» The data
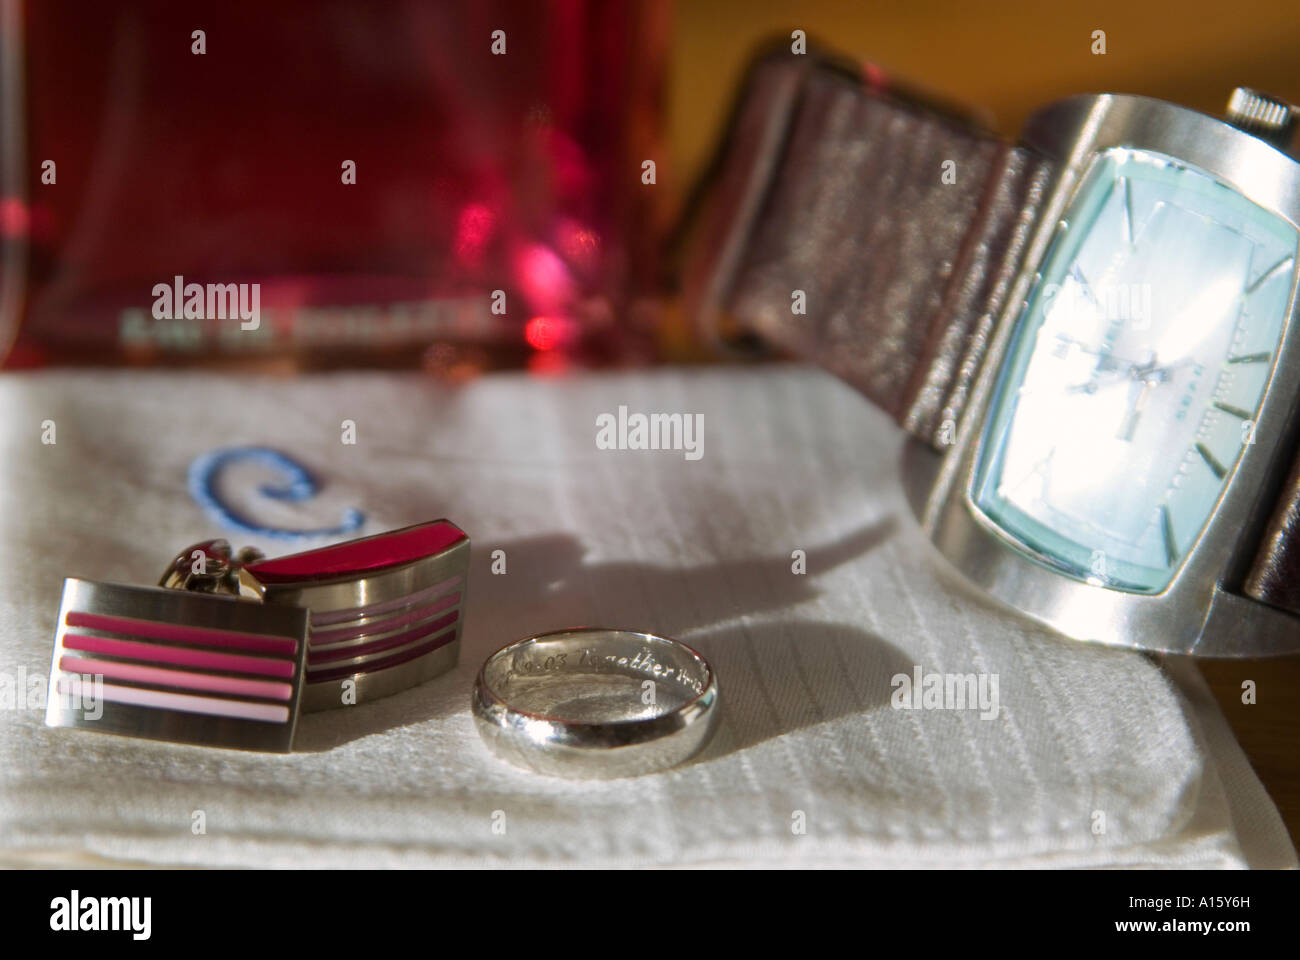 Horizontal close up of a Groom's possessions laid out before his wedding day including his watch, cufflinks and wedding ring. Stock Photo
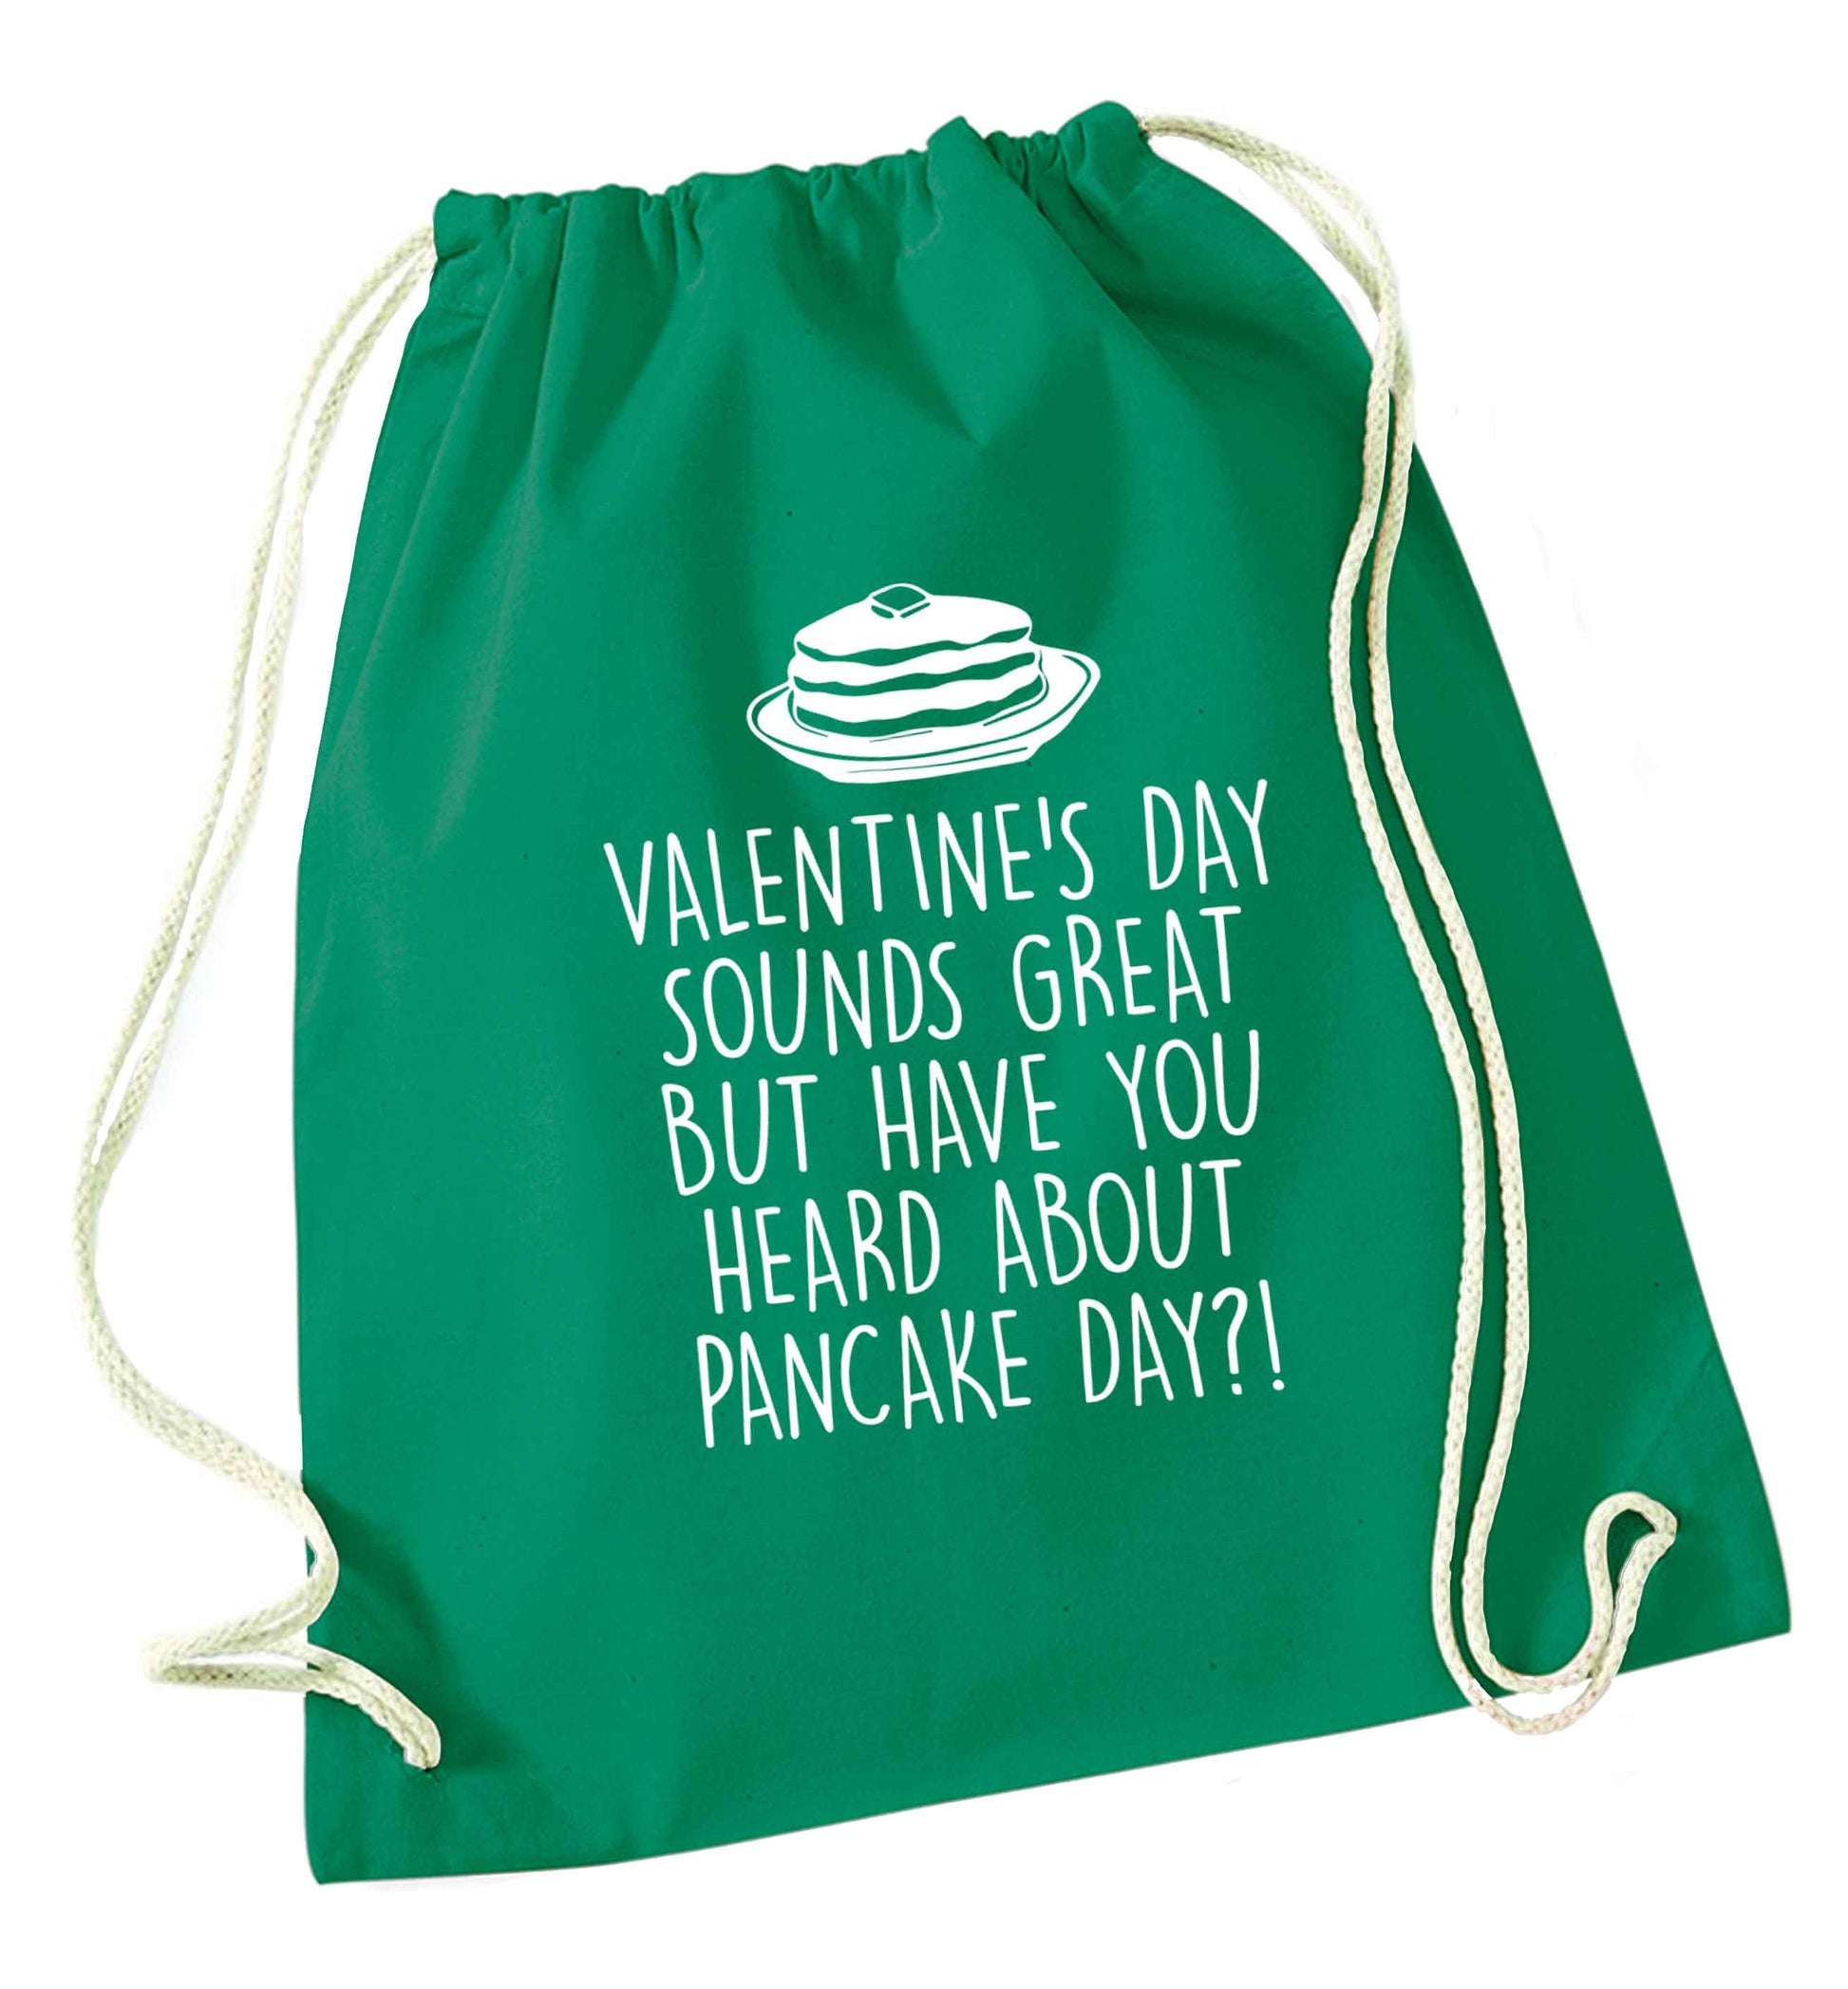 Valentine's day sounds great but have you heard about pancake day?! green drawstring bag
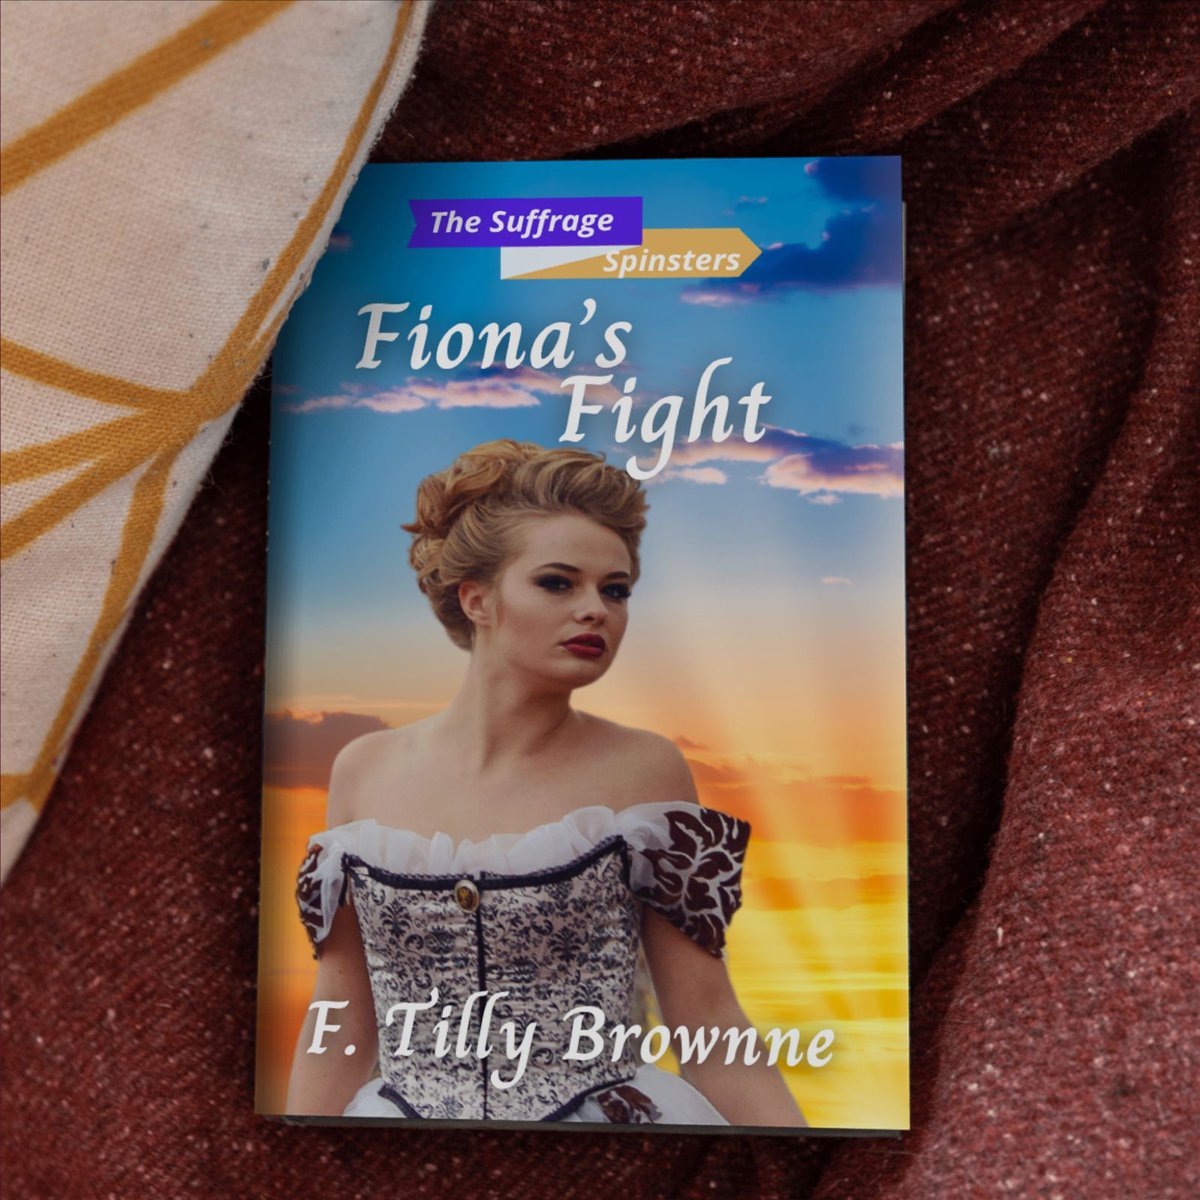 #AmazonPreOrder now! Can Fiona fight to save Preston and his new business and for the vote for woman at the same time? Can God make a way when there seems to be no way? #HistoricalRomance #VoteforWomen buff.ly/496kE9g #IARTG
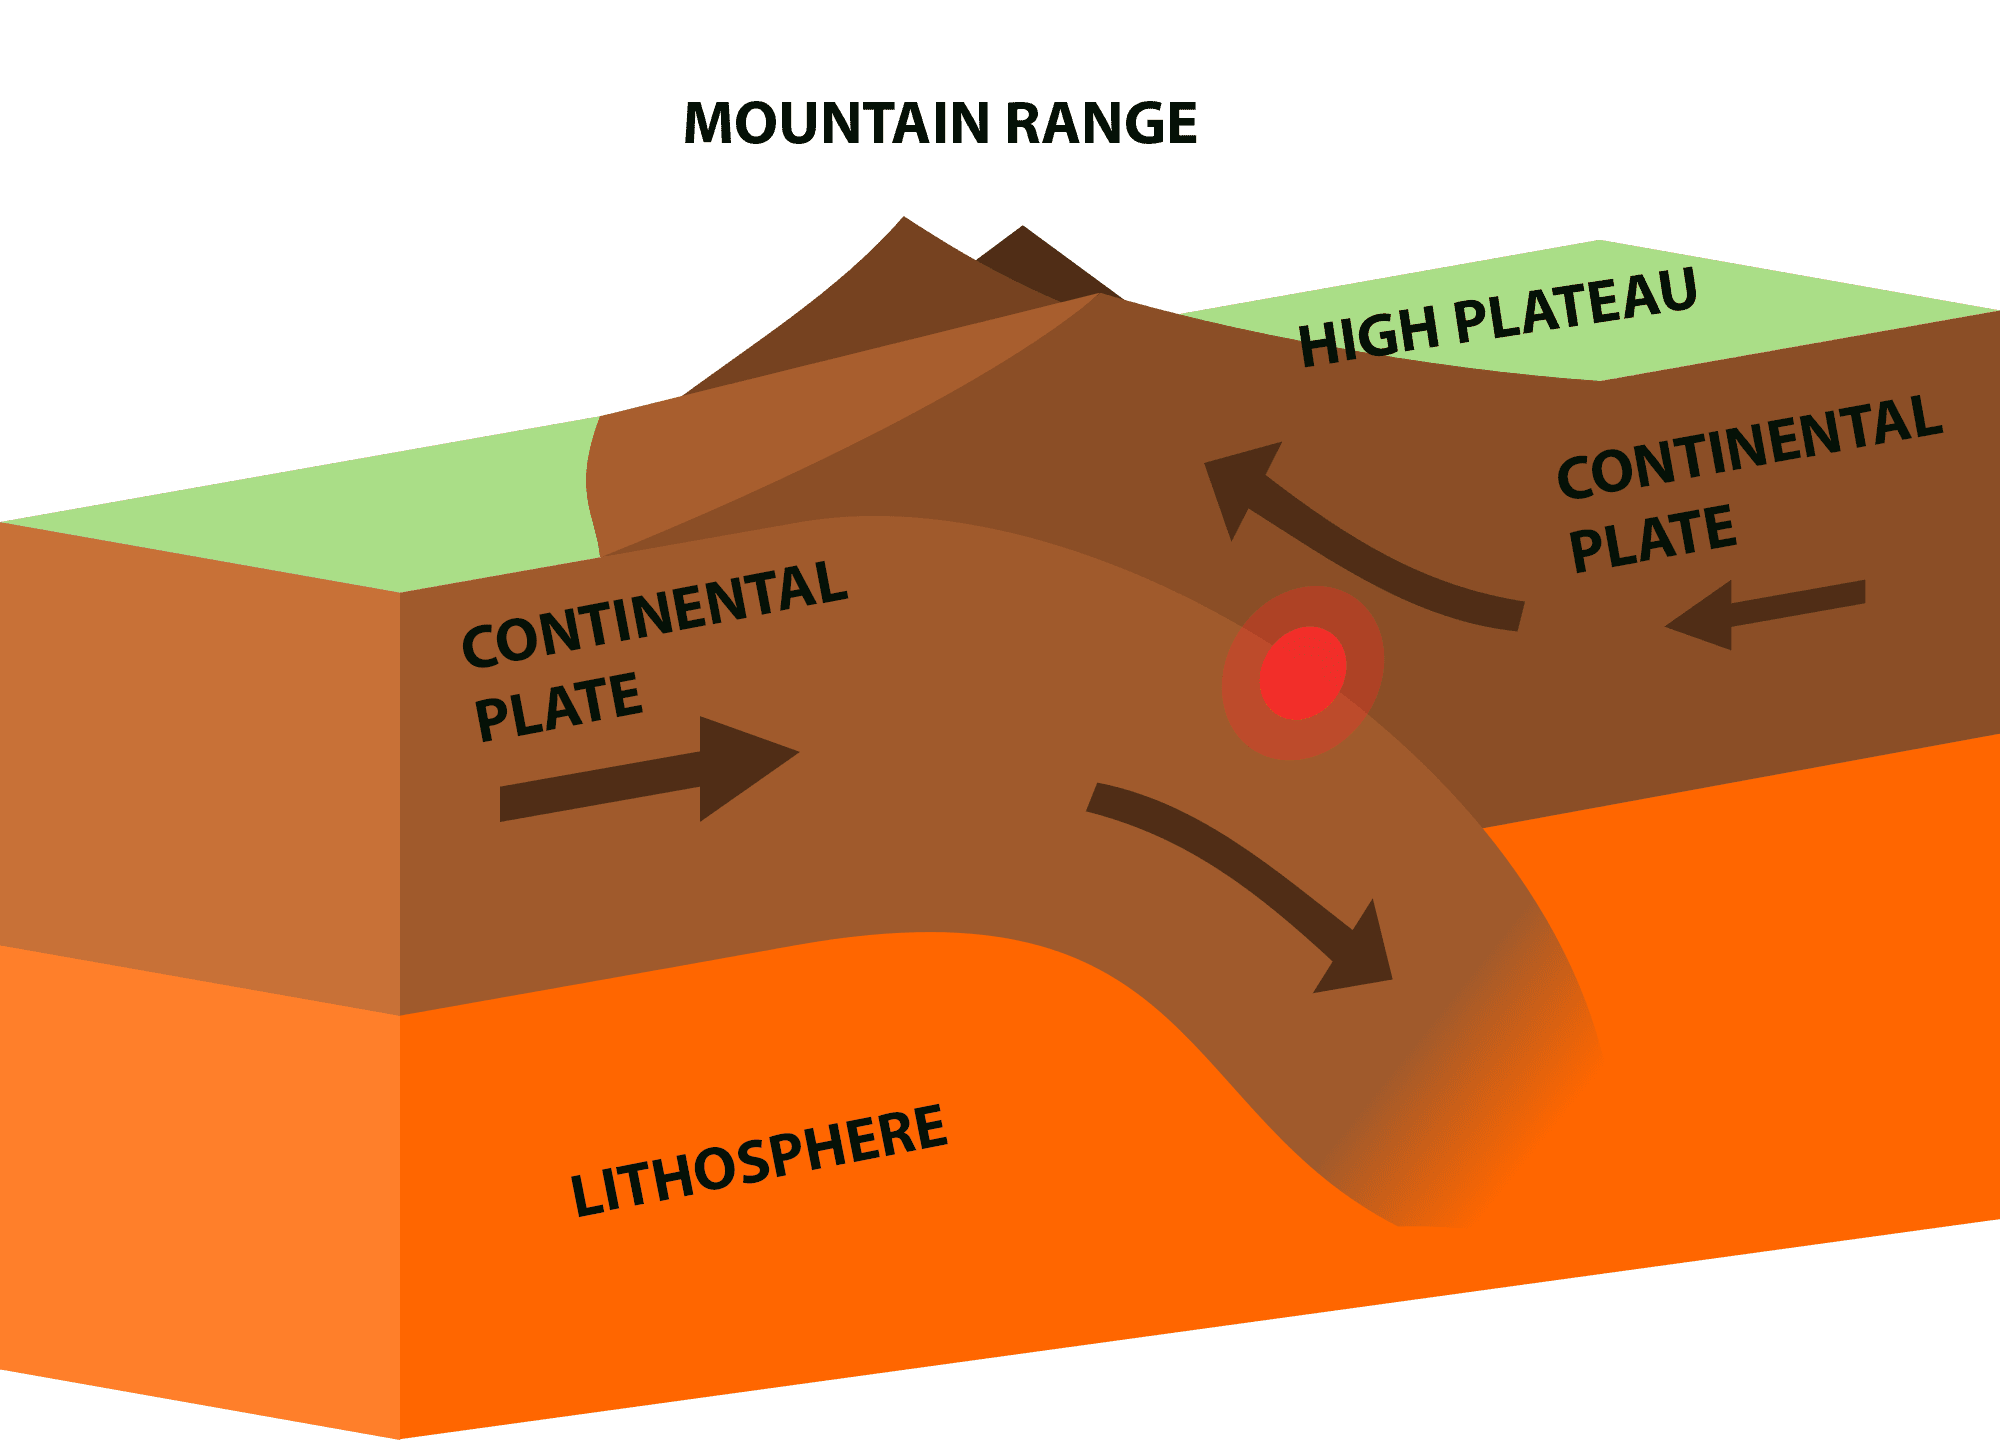 Two continental plates converging

» What to work on
What is needed is an exact copy of all the data, with no images in it.

» Completed task
 Horizontal close up of a Groom's possessions laid out before his wedding day including his watch, cufflinks and wedding ring. Stock Photo
 Valentine's day sounds great but have you heard about pancake day?! green drawstring bag
 #AmazonPreOrder now! Can Fiona fight to save Preston and his new business and for the vote for woman at the same time? Can God make a way when there seems to be no way? #HistoricalRomance #VoteforWomen buff.ly/496kE9g #IARTG
 Two continental plates converging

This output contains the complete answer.